• **Record excerpts**:
######
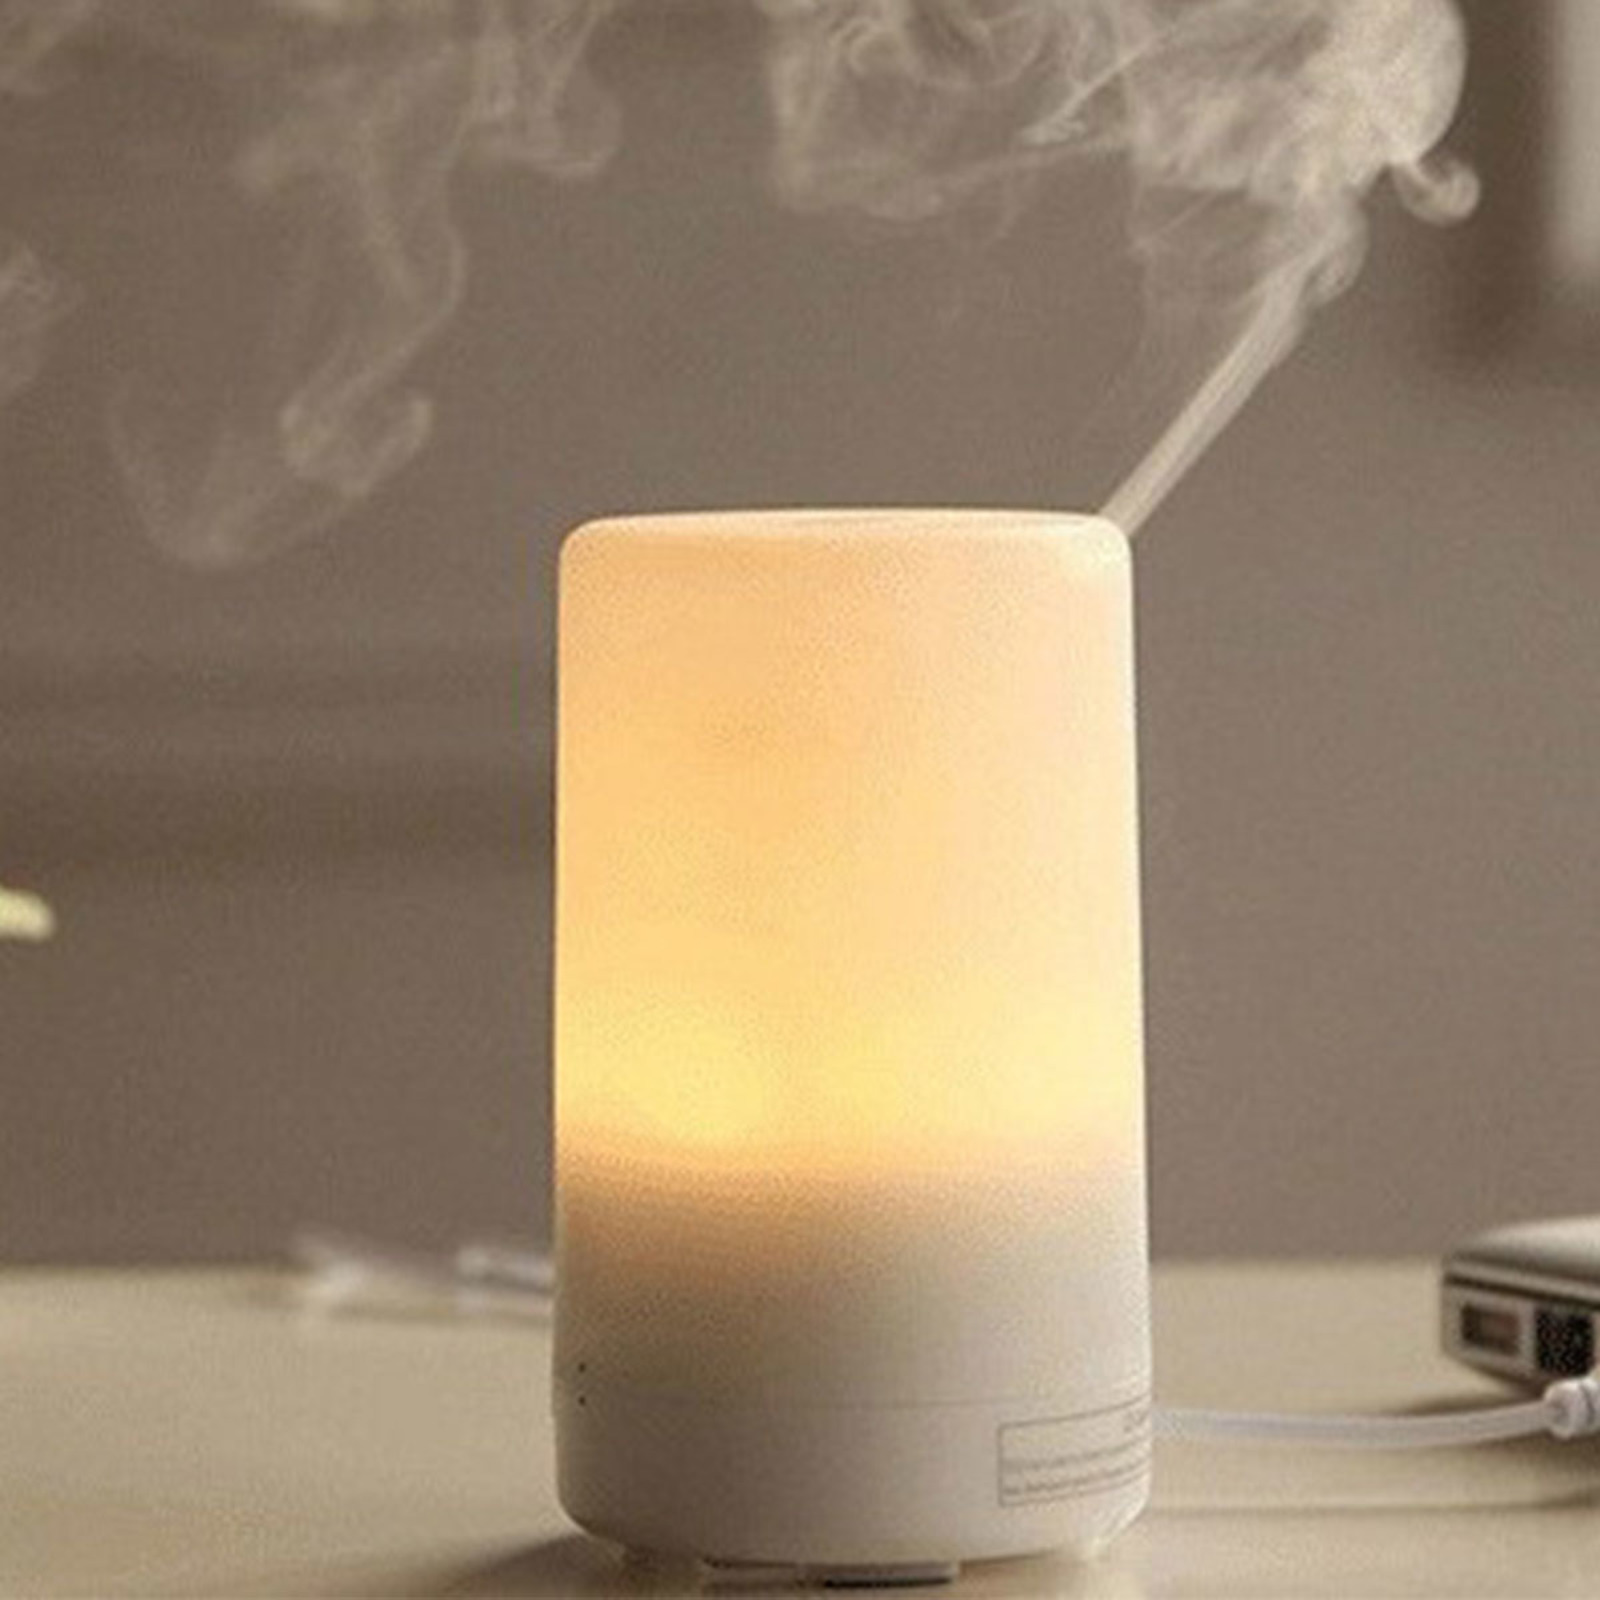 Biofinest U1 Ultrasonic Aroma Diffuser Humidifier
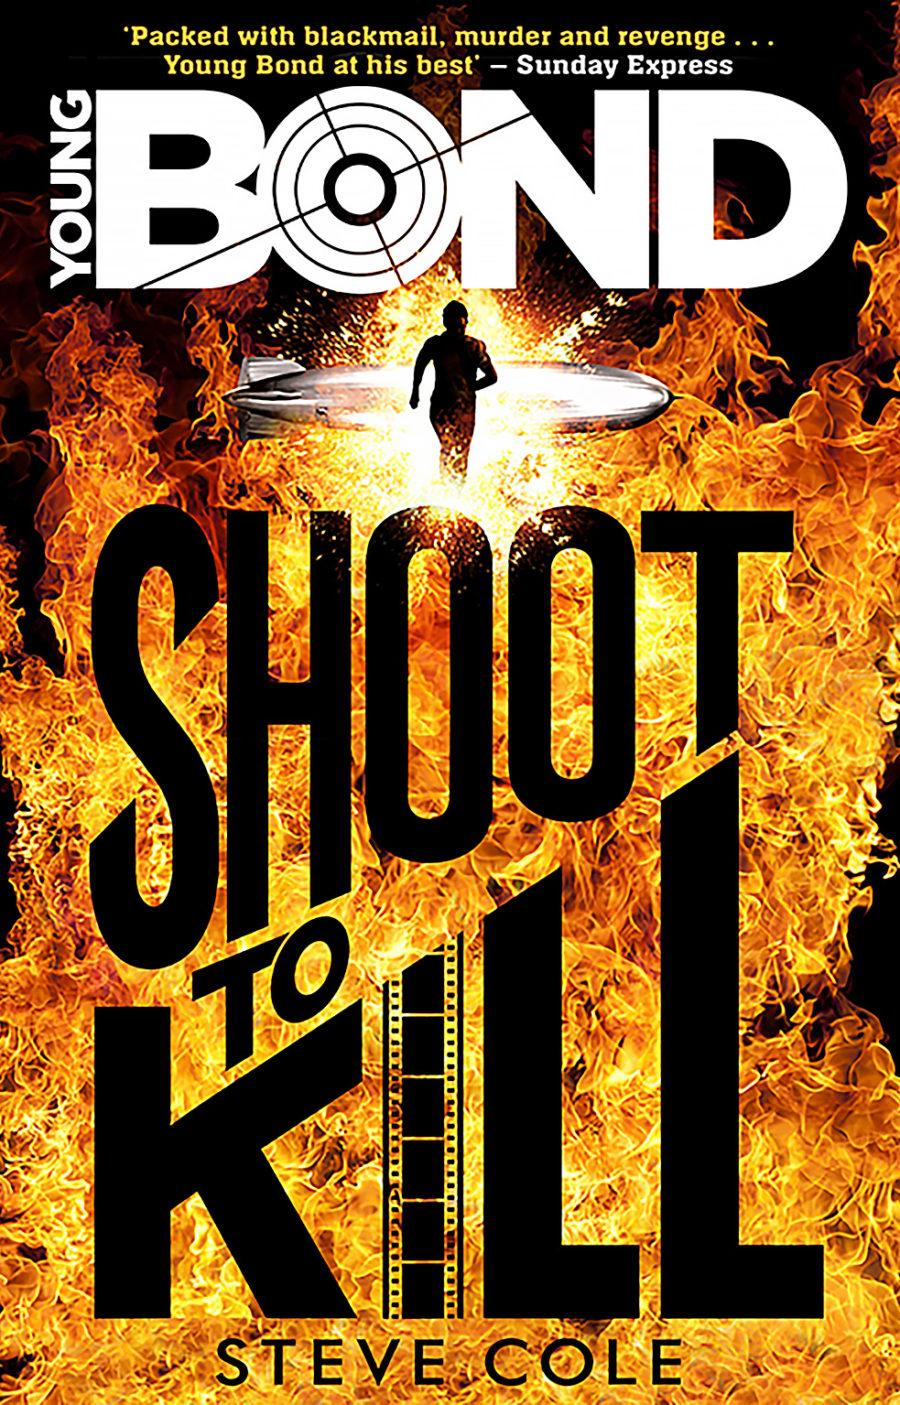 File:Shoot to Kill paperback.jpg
######
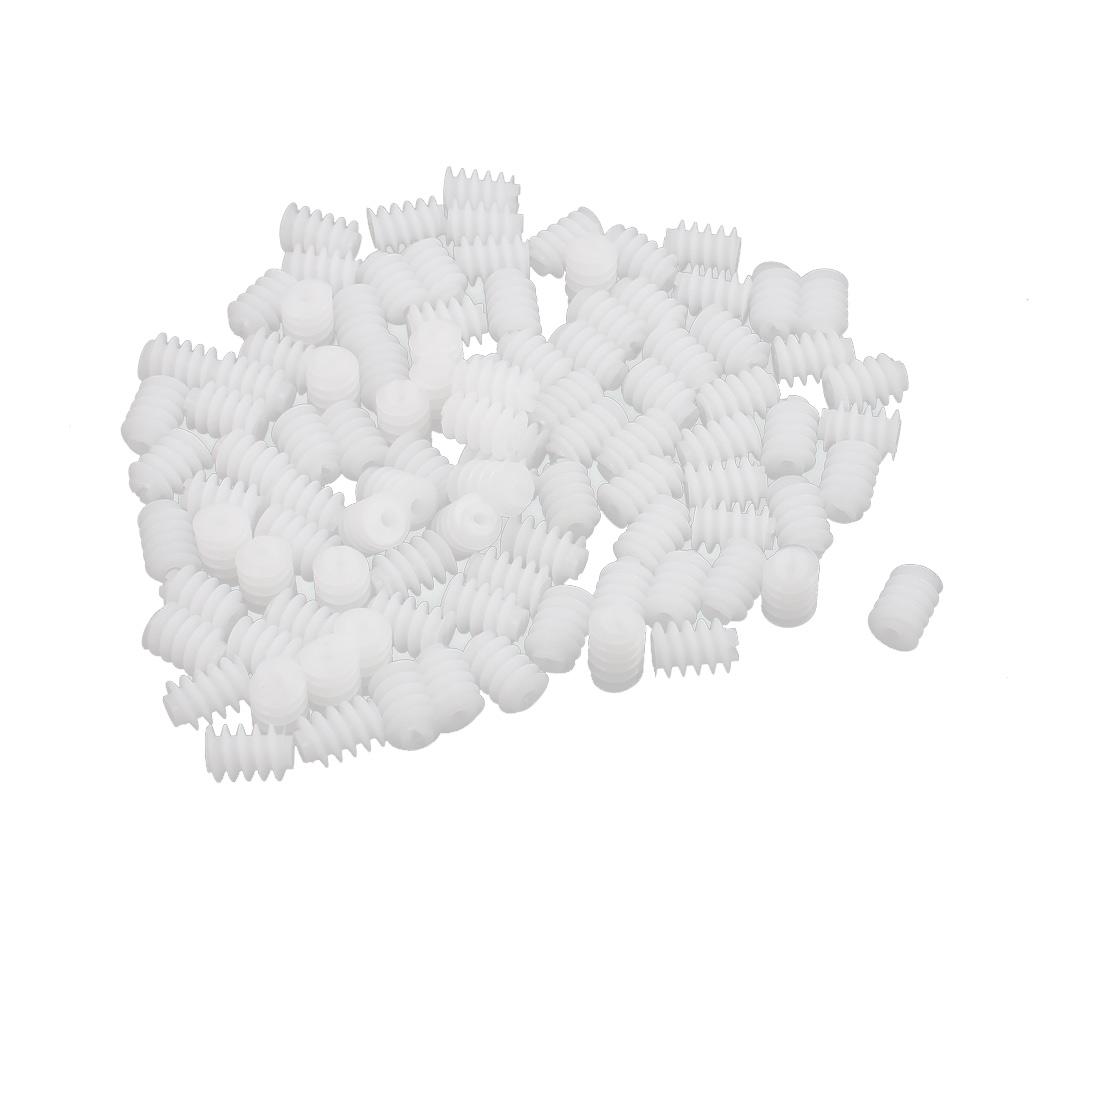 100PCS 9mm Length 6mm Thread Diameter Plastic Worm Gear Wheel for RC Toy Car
######
• **Task objective**:
For this exercise, set down the lines in the entries above from the one with "Biofinest U1 Ultrasonic" through the one with "File:Shoot to Kill paperback.jpg" exactly as written, without any pictures.

• **Output for this exercise**:
 Biofinest U1 Ultrasonic Aroma Diffuser Humidifier
 File:Shoot to Kill paperback.jpg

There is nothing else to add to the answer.